EU moves key ministers' meeting from Budapest to Brussels

BRUSSELS
EU moves key ministers meeting from Budapest to Brussels

The EU will hold its next meeting of foreign and defence ministers in Brussels instead of Budapest in a "symbolic" slapdown to Hungary for its rogue diplomacy on Ukraine, foreign policy chief Josep Borrell has said.

The shift of location for the Aug. 28-30 meeting is a reputational blow to Hungary just weeks after it took up the rotating European Union presidency.

Hungarian Prime Minister Viktor Orban has infuriated almost all his EU partners by conducting breakaway diplomacy with Moscow to explore the path to ending Russia's war in Ukraine.

Orban, who is Russian President Vladimir Putin's closest ally in the bloc, has also accused the EU of having a "pro-war policy" by maintaining military and financial support for Kiev.

He has repeatedly stalled Brussels' efforts to punish the Kremlin and to aid Ukraine in its fight against the invading forces.

"I can say that all member states - with one single exception - are very much critical about this behaviour," Borrell said after chairing an EU foreign ministers' meeting in Brussels.

“We have to send a signal, even if it is a symbolic signal" to Hungary, Borrell said.

Thus, "I think it was much more appropriate to show this feeling and to call for the next foreign and defence council meetings in Brussels," he said.

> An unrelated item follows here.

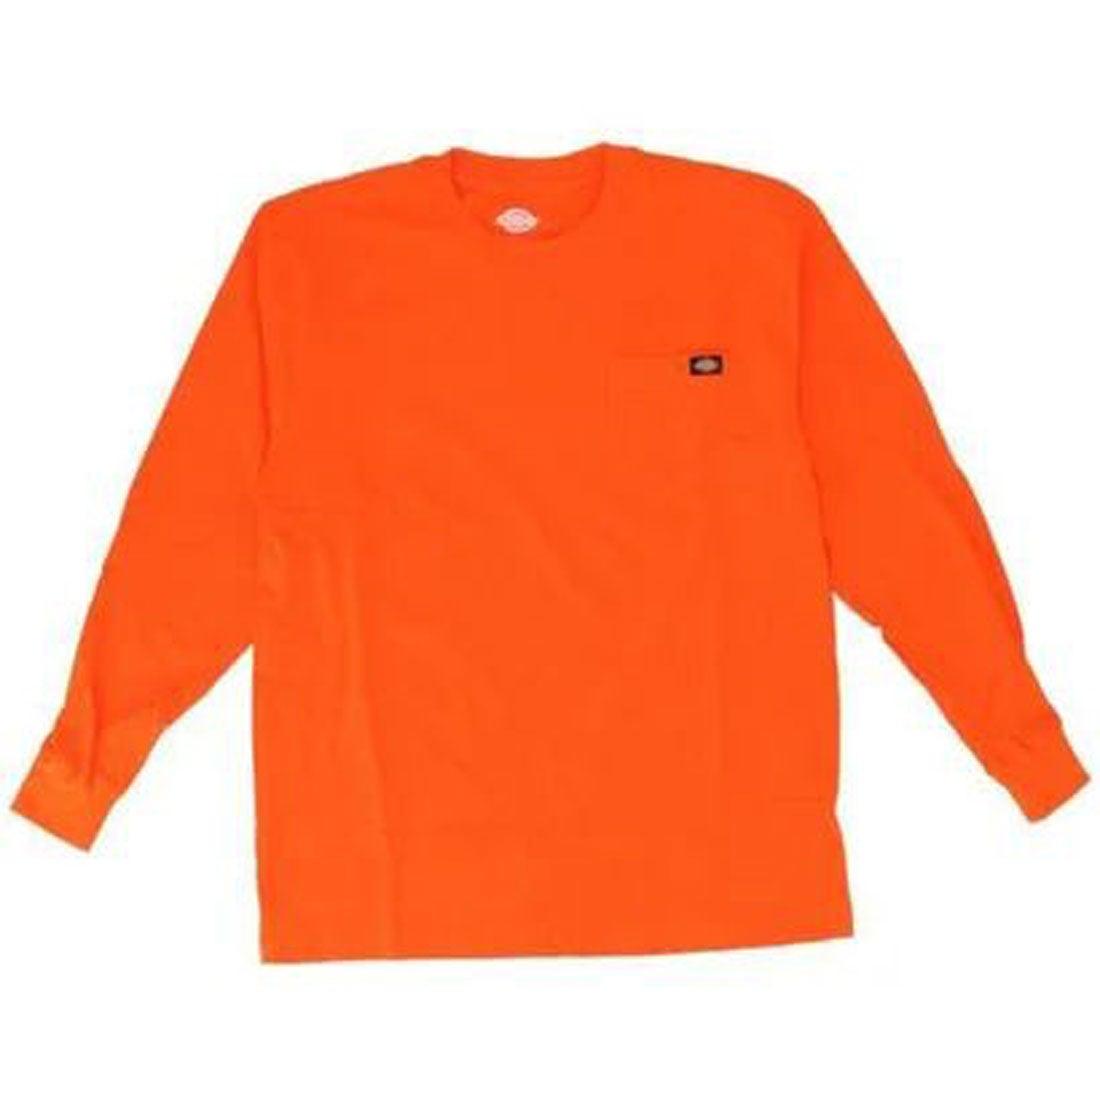 ロコンド 靴とファッションの通販サイトディッキーズ Dickies Dickies ディッキーズ WL450 LS HEAVYWEIGHT CREW NECK (OR. Orange)
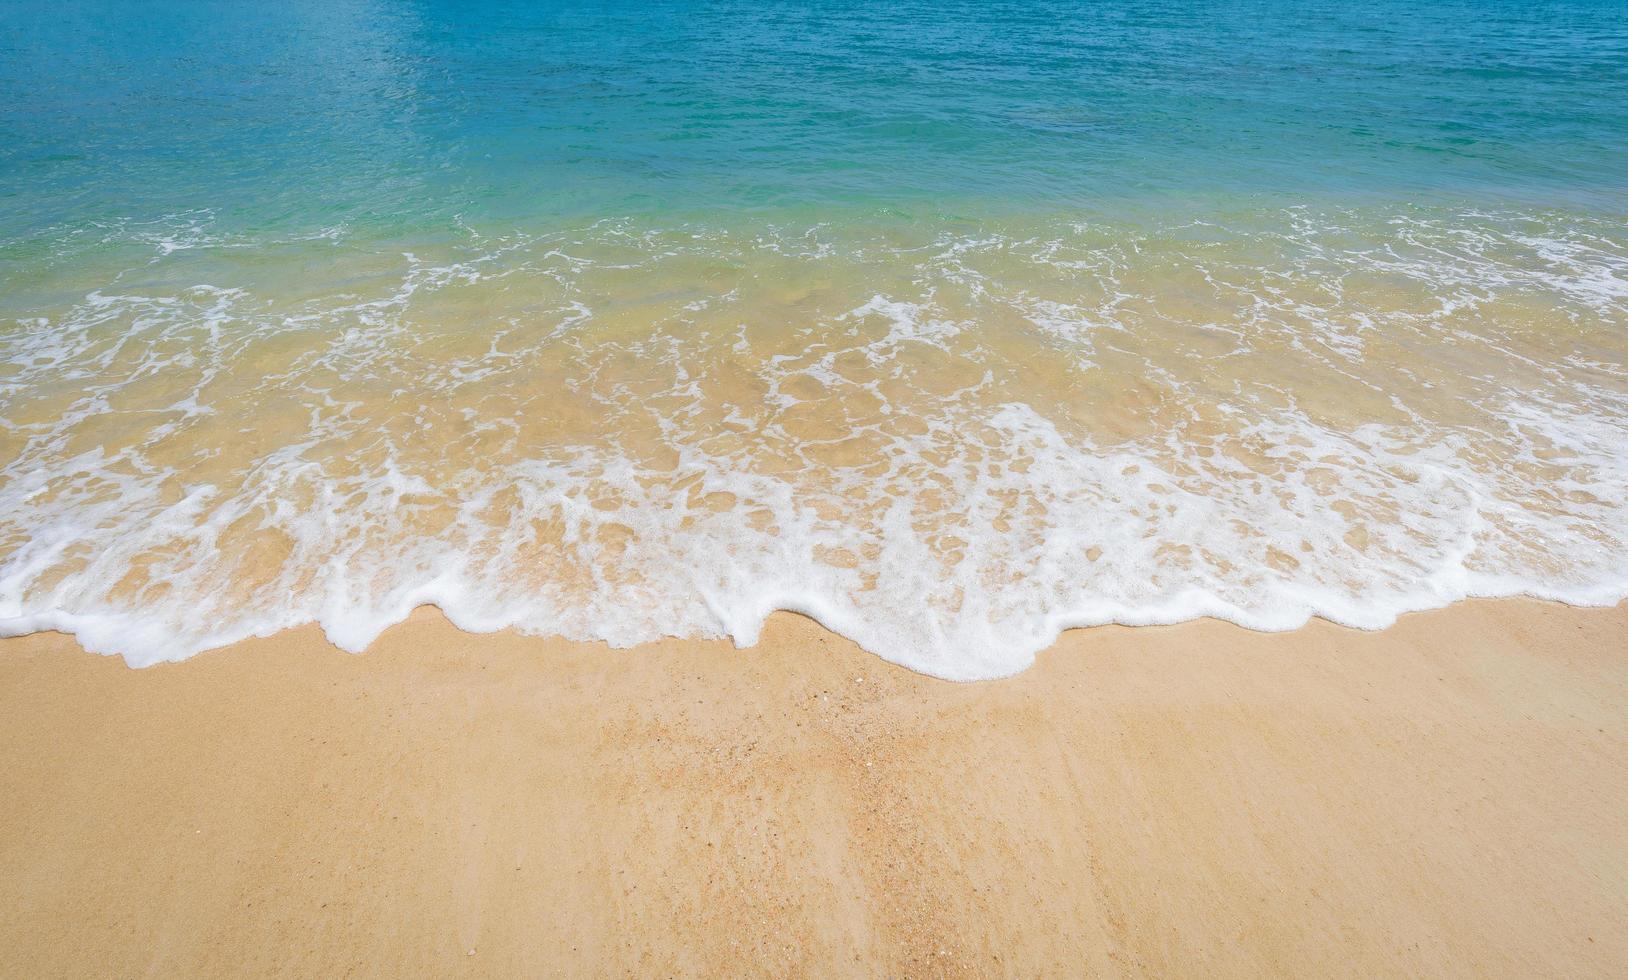 Waves washing up on beach photo

The change of venues drew swift condemnation from Budapest.

"What a fantastic response they have come up with," Hungary's foreign minister Peter Szijjarto wrote on Facebook.

"I don't want to hurt anyone's feelings, but it feels like being in a kindergarten."

Borrell said 25 of Hungary's 26 EU partner countries on Julu 22 criticised Orban's rogue initiative, which Budapest has billed as a "peace mission."

Only Slovakia backed Hungary's position.